In this example I trained a decision tree classifier to predict if any given applicant would get a loan. It wasn’t the most accurate model I could have trained, but if I were to explain its output to an end user, not even the bank’s employee would interpret it if I were to show them the diagram below to explain the output of the model.

Showing which features are underlying a model doesn’t mean it’s explainable…

Even though the contents of this model are exposed, converting this into a consumable explanation which is understandable for humans is still something to think through. Another way we could visualise a model output is by looking at SHAP values. As shown in the example below, models trained with protected attributes should be inspected thoroughly, given that in this case, the machine learning model rejected the loan. One of the key features for the rejection was that the person was unmarried. Though there were probably more important factors such as the loan amount or the income threshold, if someone were to interpret this and say… “the model rejected your application because you’re not married”, it wouldn’t make sense right? Thus, when designing AI-powered decision support systems, the user should always be at the forefront to determine the level of explanation that the model needs.

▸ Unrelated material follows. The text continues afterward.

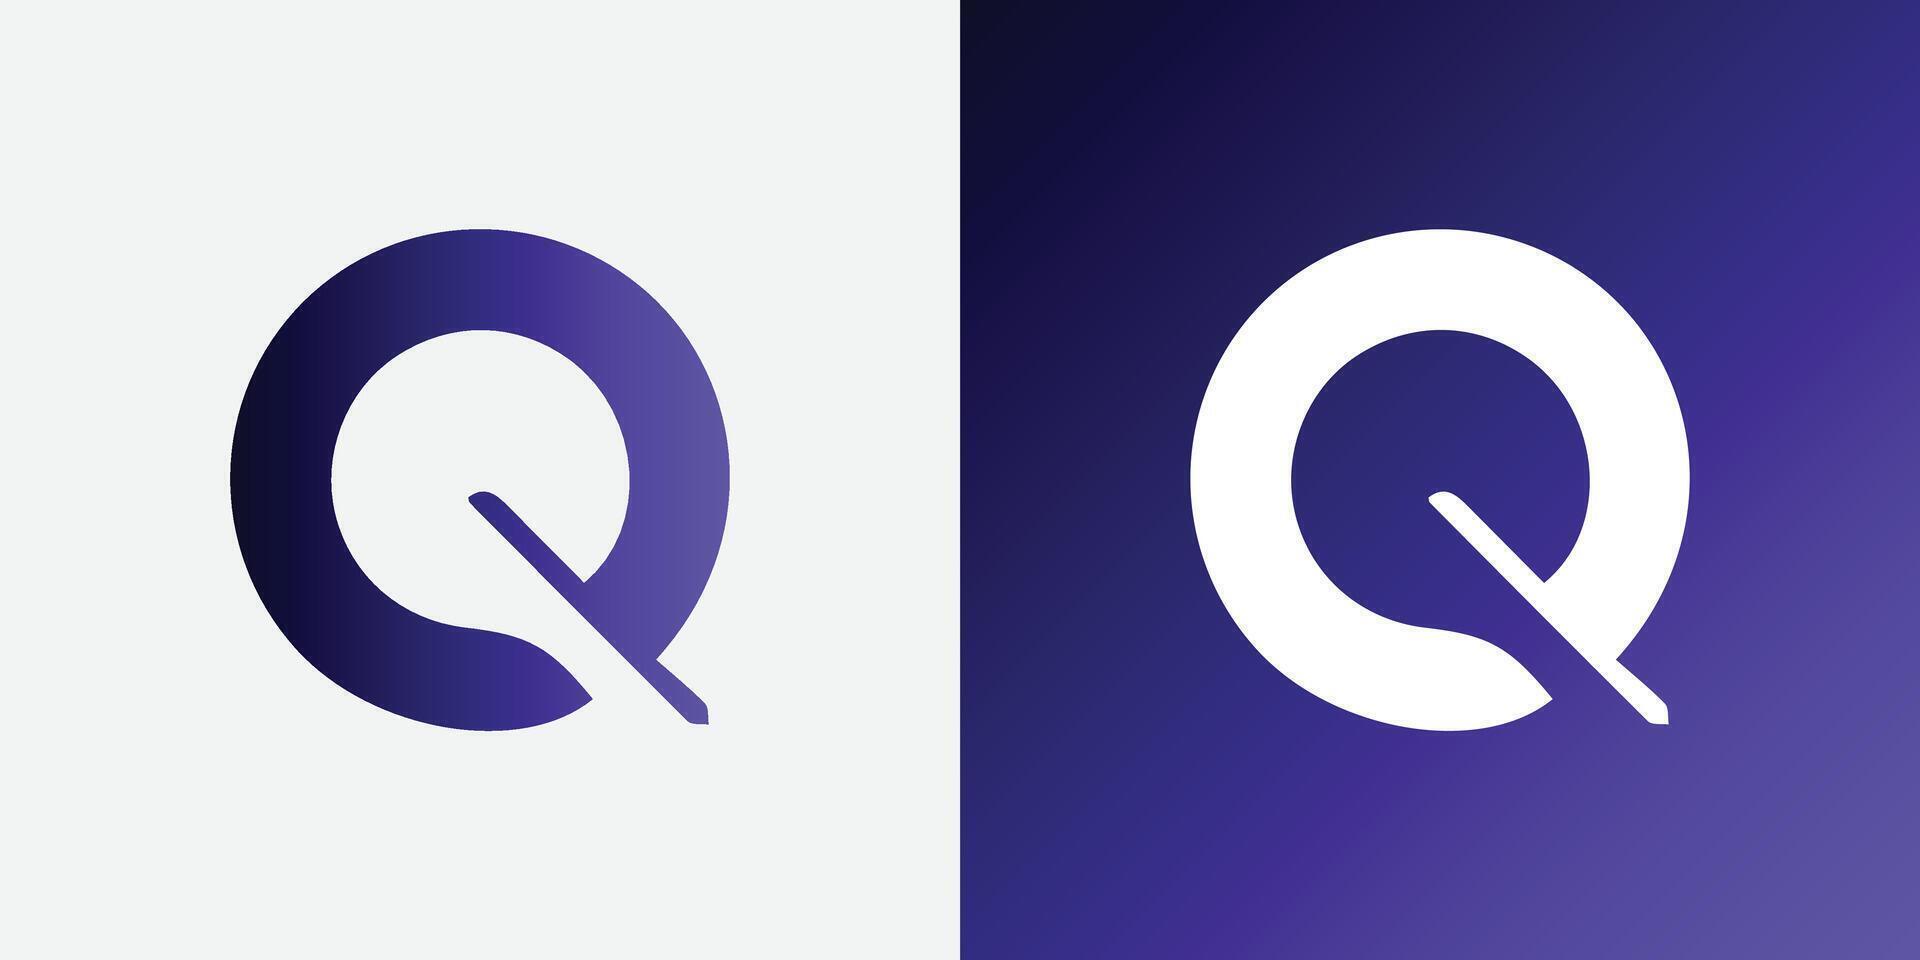 Q initial based on the Alphabet icon logo. Premium Business logo vector

SHAP value for an applicant that the model rejected for a loan. The true label in this case was an approval.

Conclusion

Though this is a dummy example as there was a misclassification error, the example shows that ‘why’ is as important as ‘what’ when keeping an end user in mind during model design. In addition, model explainability does not always equate to ‘understandability’. There are cases when model explanations are not needed, but there are also cases when they are needed. Thus, it is important to understand the difference between the two.

To conclude, keeping robust AI governance on models and educating AI practitioners is necessary. If bias is the issue, many bias mitigation approaches such as IBM’s Fairness 360 toolkit provide ways in which imbalanced datasets with historical and representation bias can be dealt with. Secondly, coming up with more visually appealing and human-centric approaches to explaining models would be crucial for increasing trust in the use of AI tools for decision support. Finally, the consequence or materiality of the use case for the machine learning model should be determined upfront, before deciding which level of explanation is needed and to understand who the end user is who will be impacted by a decision.